I suspect COVID is the big reason this hasn’t “hit” with a lot of people. As an analogy for climate change, it works, because it highlights the absurdity by exaggerating it.

But COVID denial is already an exaggeration. We’re already rolling our eyes at the people who refuse to see what’s plainly in front of their faces. We actually see people denying the reality of COVID even as they’re in the hospital dying of COVID. Trying to dial that up to 11 doesn’t work, because real life is already at 12.

Yeah, I think he hit it well with the post-cancelling the nuclear strike situation. The people in charge had screwed up the one best chance they had, and he knew it. The best he could do was support their new, risky plan, in hopes it would work, even as he strongly suspected it might fail.

Showing the cognitive burden of hoping for success while fearing failure was well done. What else could he have done at that point?

Exactly this. Good satire is subtle. This is the sort of “satire” that might be written by an average creative writing student. Satire this blatant is only going to be watched by people who already sympathise with the message. I’d call this more a “making fun of” movie. And as a result is was meh.

It was Ok, I agree with the thoughts that it was too long and didn’t quite know what it wanted to be. Bronteroc thing was the only funny part.

I took the nude scene to be an emperor has no clothes statement.
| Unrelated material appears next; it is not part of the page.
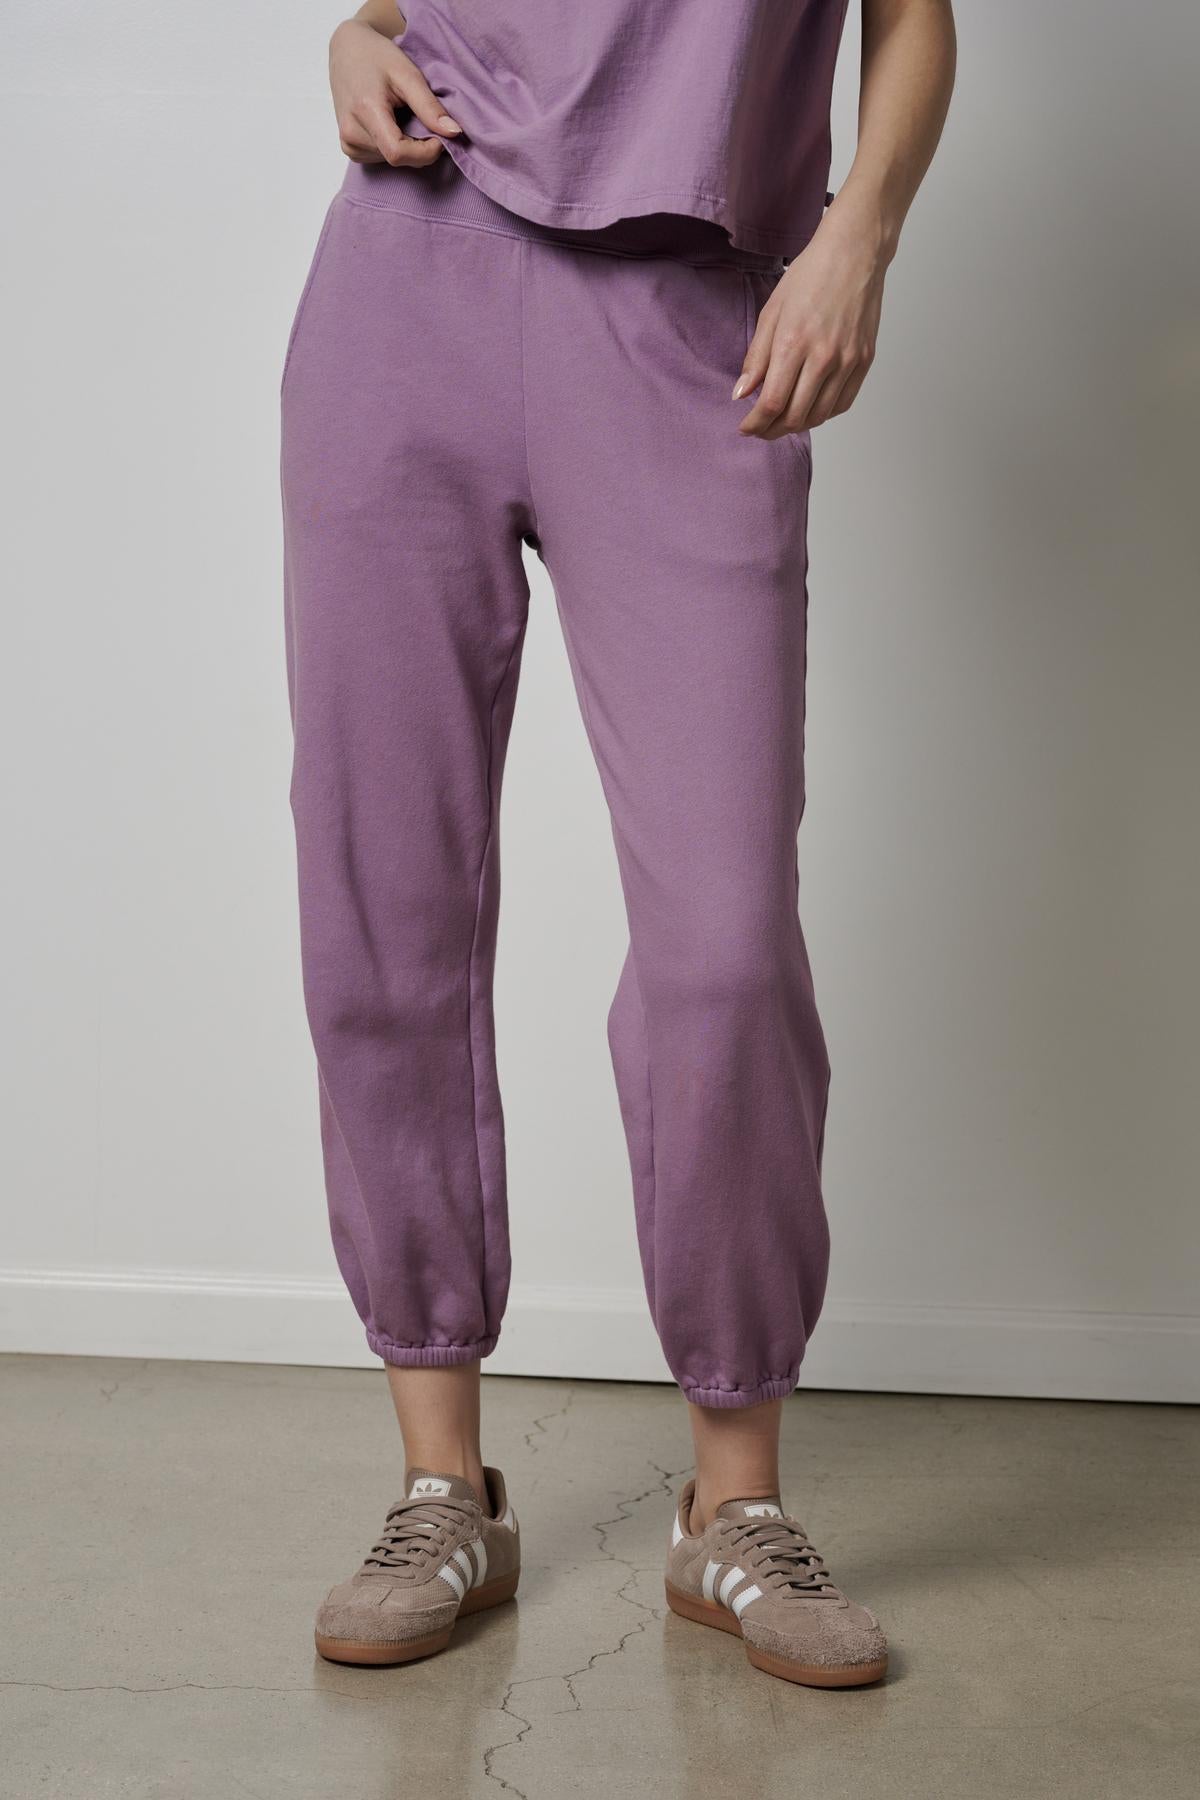   A woman wearing purple ZUMA sweatpants and sneakers.

I’d disagree, because as others said - at this point in our history, subtle satire is hardly satire at all.

If you made a documentary film about Trump and his response to COVID, and showed it in 2012, you’d probably be accused of overly blatant satire that no one could take seriously, too.

“Oh really? The president is going to mimic disabled people and say that if his daughter wasn’t his daughter he’d be all over her? This is ridiculous! And then he’s going to contradict his own scientific experts during a plague and ramble about injecting bleach or shining lights inside people? No one is gonna buy this crap!”